According to the Complaint, Verrica Pharmaceuticals Inc. is a dermatology therapeutics company that develops treatments for people living with skin diseases. Its lead product candidate, VP-102, is a drug-device combination of a topical solution of cantharidin administered through the Company’s single-use precision applicator. The Company is initially developing VP-102 for the treatment of molluscum contagiosum, or molluscum, a highly contagious and primarily pediatric viral skin disease, and common warts.

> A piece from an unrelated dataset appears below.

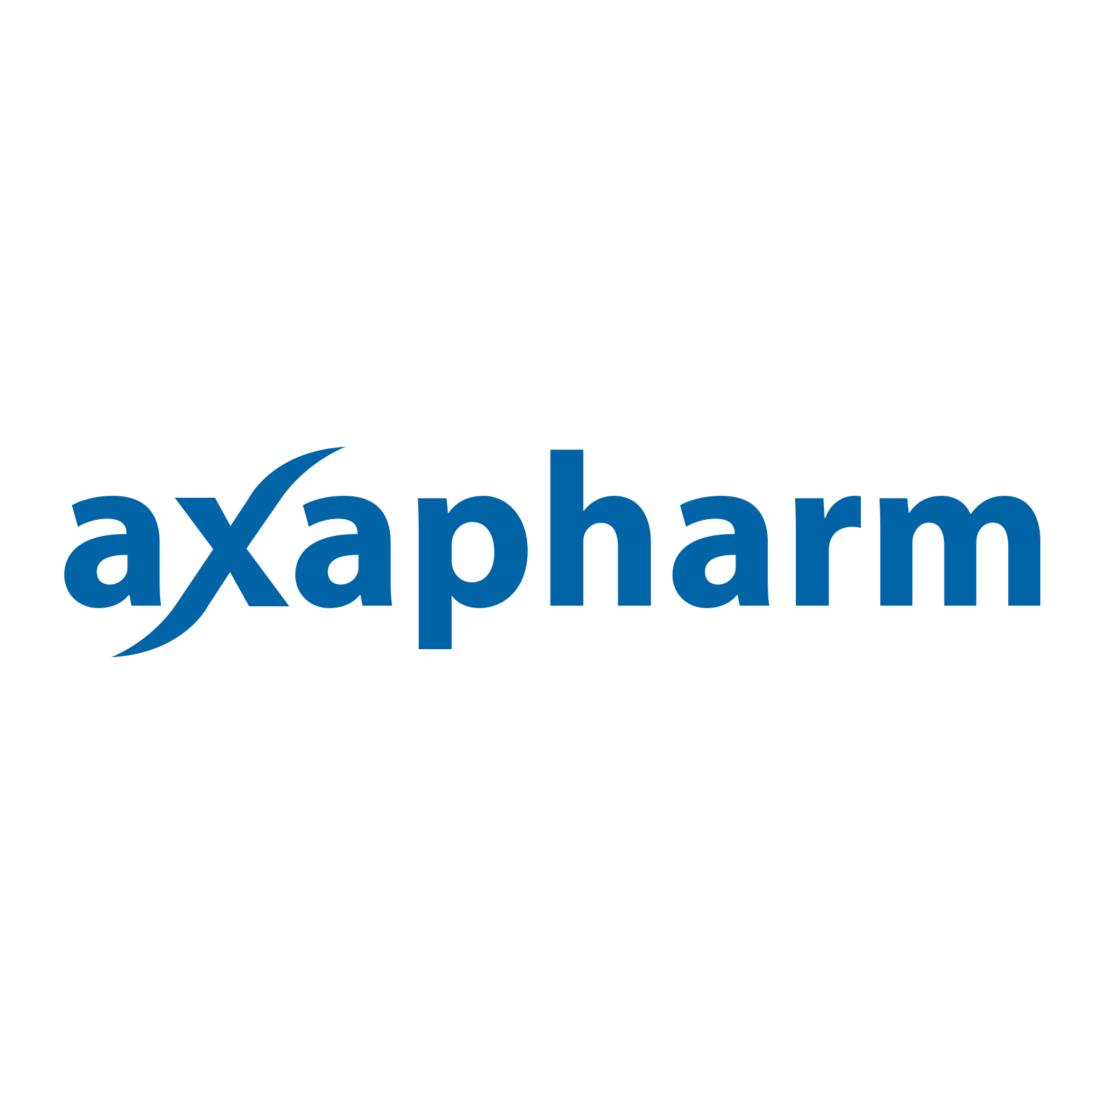 axapharm

The Complaint alleges that throughout the Class Period, Defendants made materially false and/or misleading statements, as well as failed to disclose material adverse facts about the Company’s business, operations, and prospects. Specifically, the Complaint alleges Defendants failed to disclose to investors: (1) that the Company’s proprietary applicator used for VP-102 posed certain safety risks if the instructions were not properly followed; (2) that, as a result, Verrica would incorporate certain user features to mitigate the safety risk; (3) that the addition of the user feature would require additional testing for stability supportive data; (4) that, as a result of the foregoing, regulatory approval for VP-102 was reasonably likely to be delayed; and (5) that, as a result of the foregoing, Defendants’ positive statements about the Company’s business, operations, and prospects were materially misleading and/or lacked a reasonable basis.

On October 13, 2020, the Court issued an Order appointing Lead Plaintiff and Counsel. On December 14, Lead Plaintiff voluntarily dismissed the case.